JPMorgan Mid Cap Growth remains a decent option at the right price thanks to a good investment team and the support of a strong firm.
This strategy is settling in under a new lead manager, but it still has the resources to succeed. Felise Agranoff assumed the top spot after longtime manager Tim Parton retired in March 2024. She's a 20-year veteran of the firm who spent many years supporting Parton as an analyst and then as comanager from the start of 2016. All along, the strategy has performed quite well, ranking in the top quartile of the mid-cap growth Morningstar Category over the trailing 10-year period ended June 2024. Agranoff is joined by comanager Daniel Bloomgarden, who was promoted from an analyst position in July 2022. The two leverage an eight-member dedicated analyst team with a reasonable amount of industry experience and tenure at the firm.

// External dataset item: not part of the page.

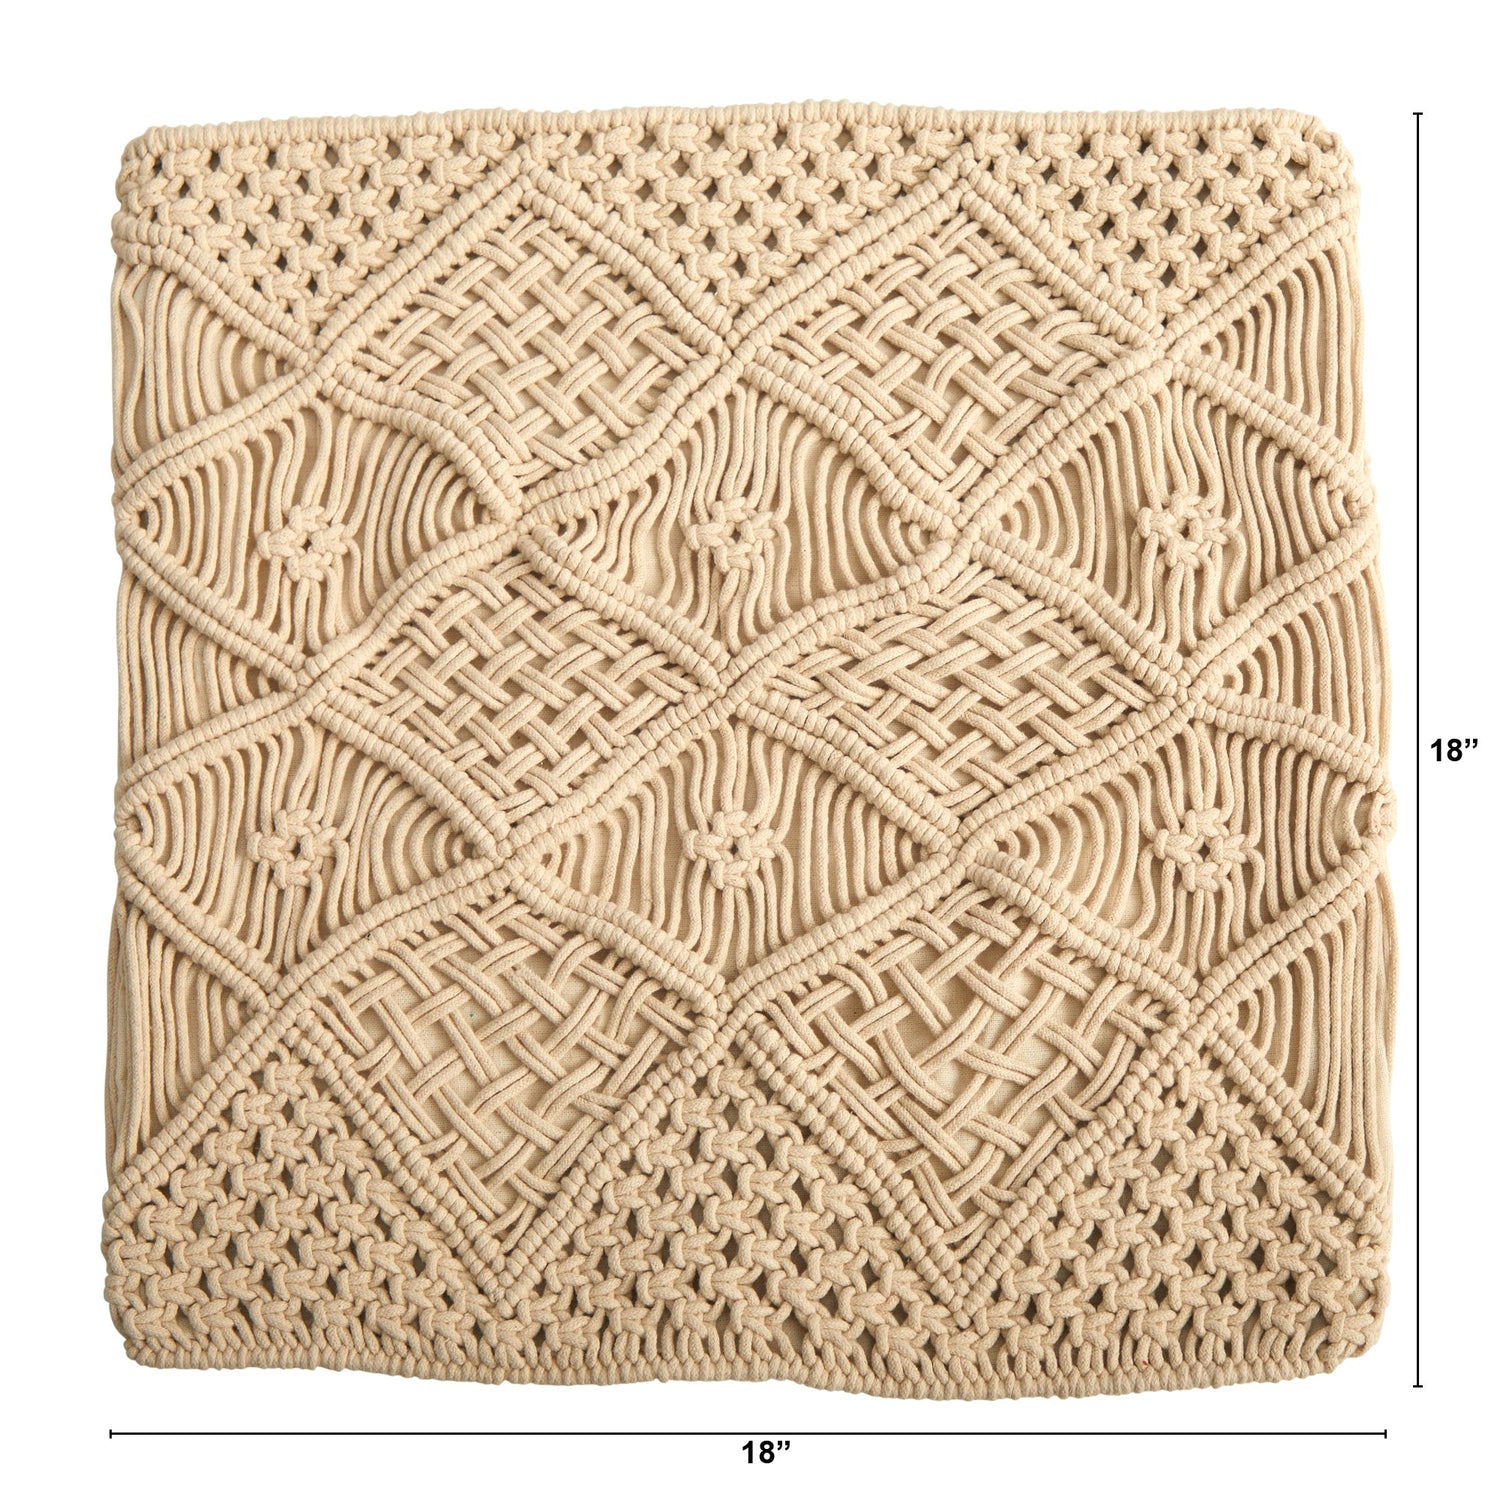 18” Boho Cross Woven Macrame Decorative Pillow Cover
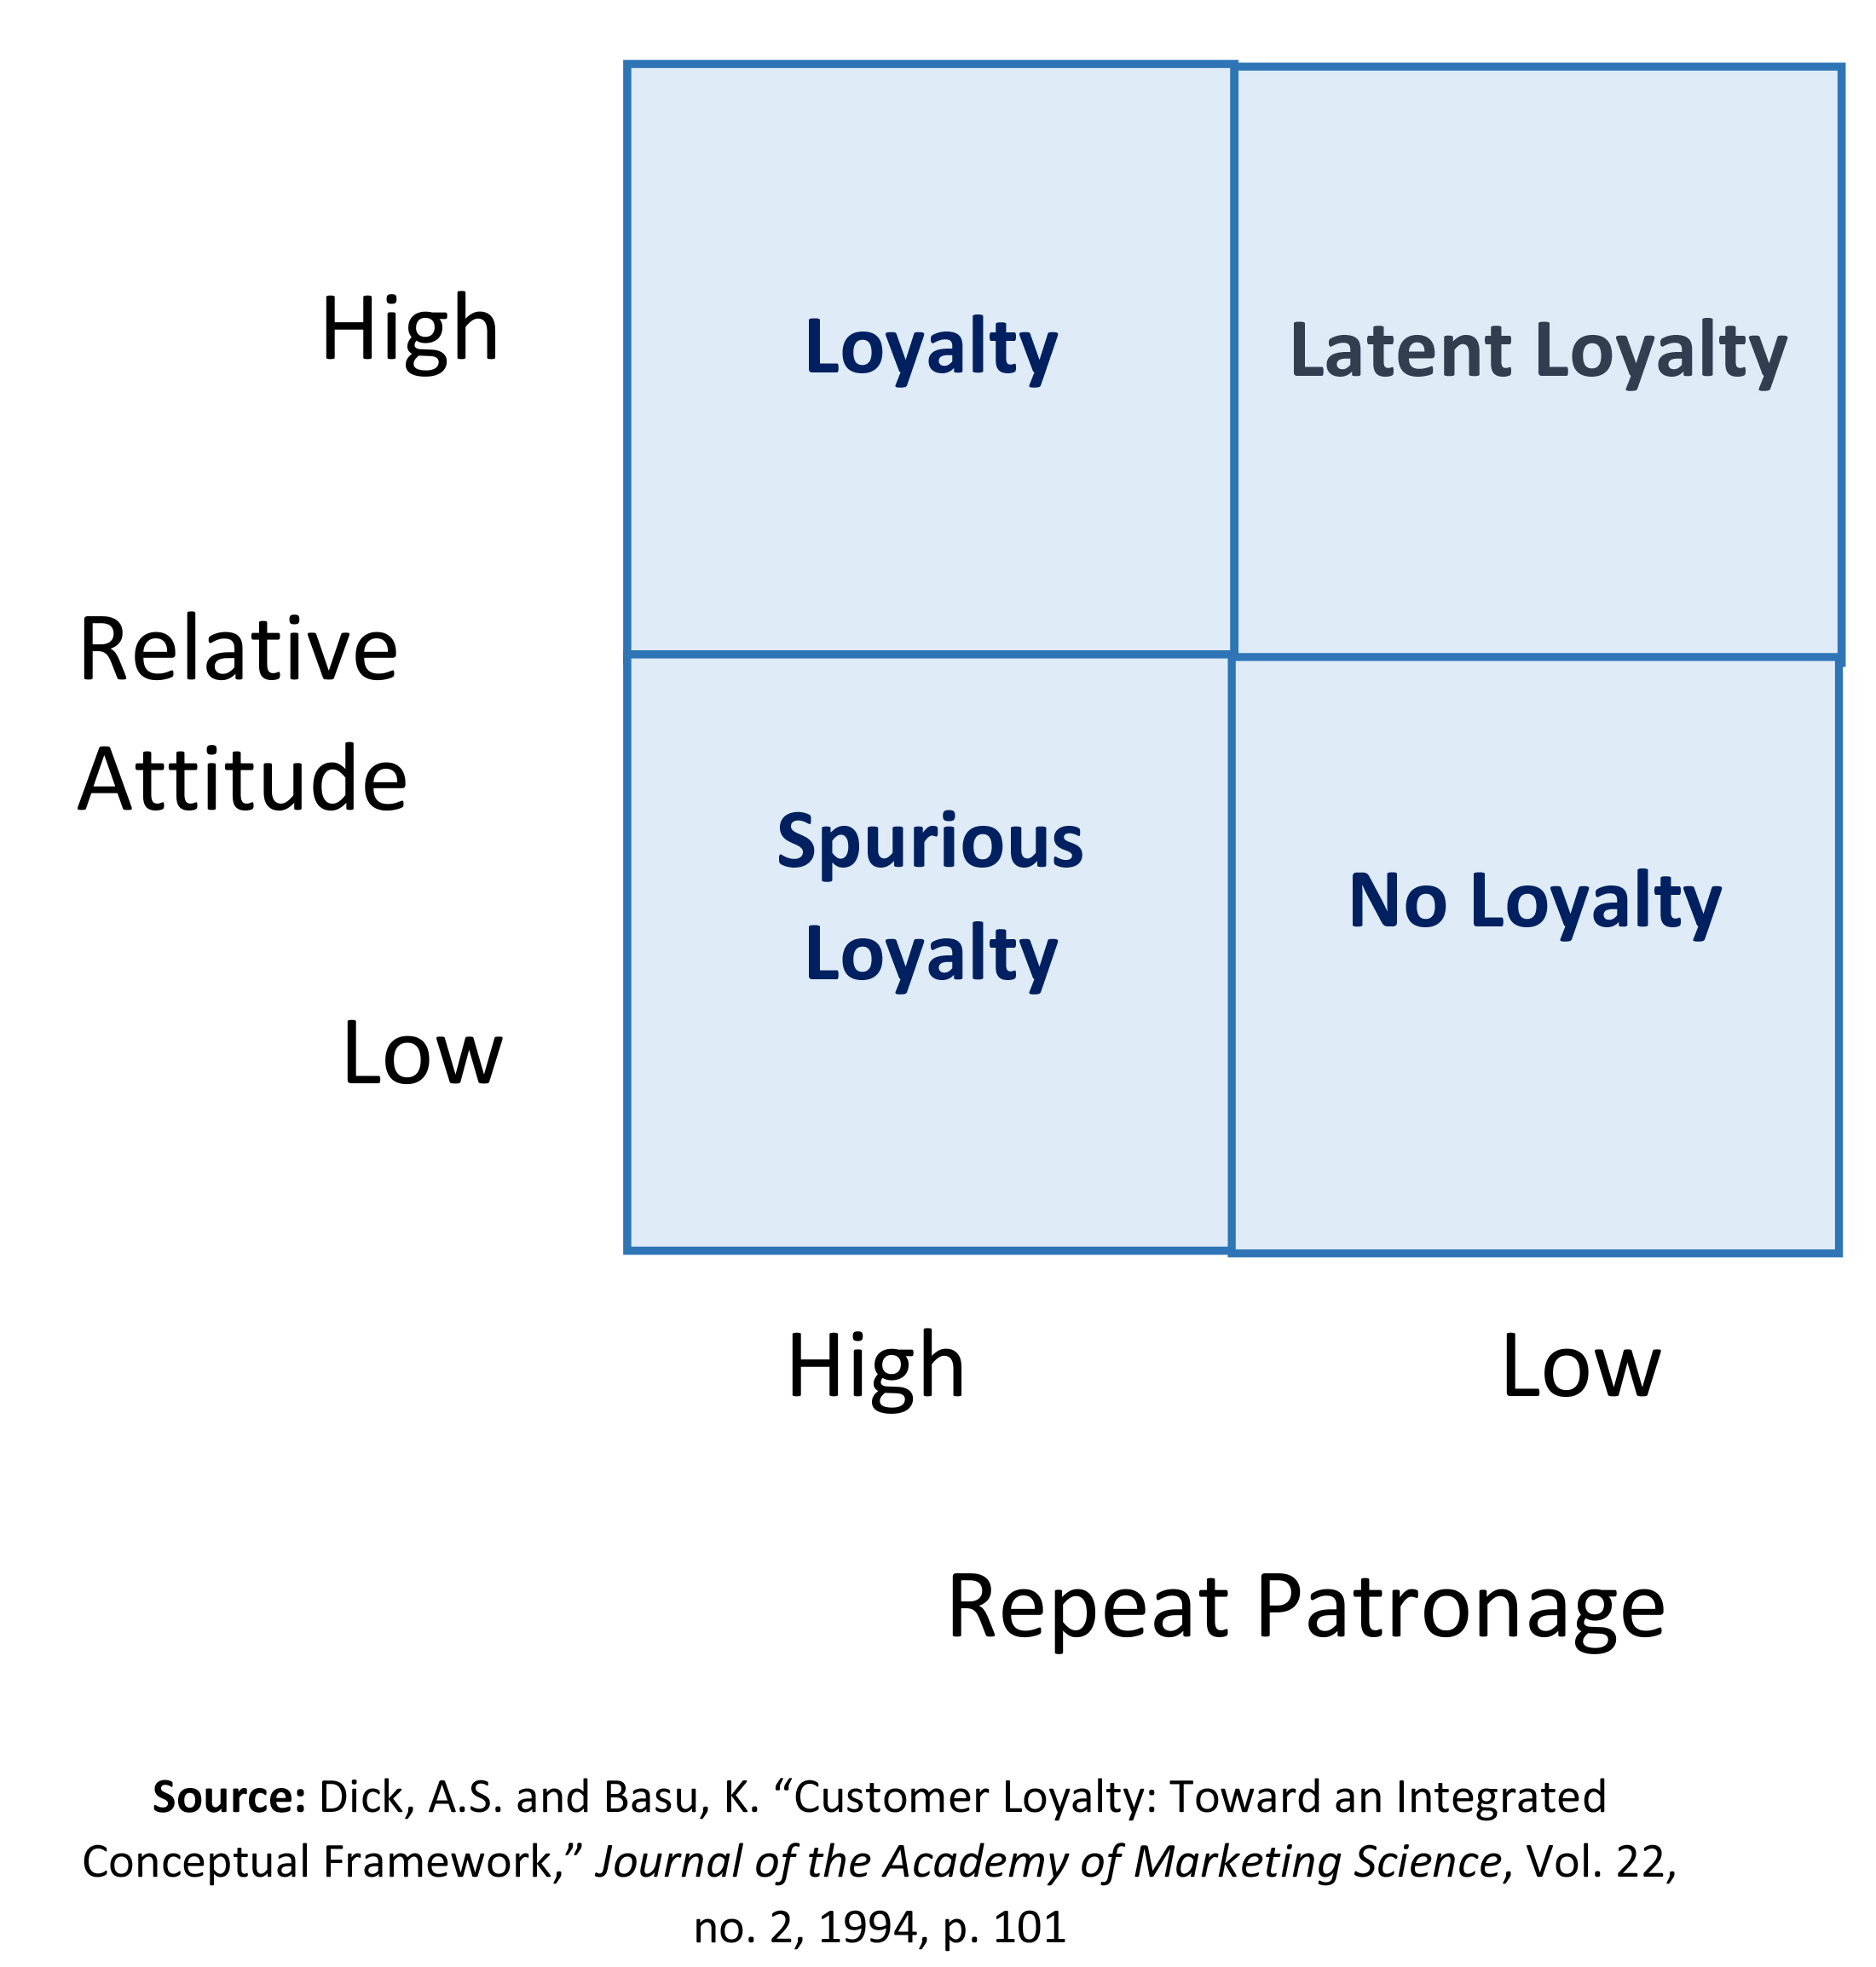 1. Identifying Loyalty Strategies

The investment process here is unusual, and despite some favorable qualities, it remains to be seen how it will fare under Agranoff. Despite typically sporting one of the category's least differentiated portfolios relative to the Russell Midcap Growth Index, the strategy has still been able to generate a performance edge. That's because it has thrived using breadth rather than a handful of bold picks. The portfolio usually holds over 100 stocks, including a mix of high-conviction ideas and ones with less certainty but enough upside to warrant exposure, particularly if they are a large benchmark constituent. Agranoff intends to keep this structure.
Less certain though, is its stylistic orientation. It historically traded stocks using fundamental momentum as a component, preferring to initiate positions in stocks on the rise and cut those seeing slowing business trends. Agranoff fully subscribes to that philosophy, and perhaps more so than under Parton. According to the Morningstar Risk Model, the portfolio's exposure to the momentum factor relative to the benchmark recently reached its highest point since she joined as comanager in 2016. This may just be a blip on the radar, however, and it is too early in Agranoff's tenure as lead manager to draw meaningful conclusions about the process' evolution, if any.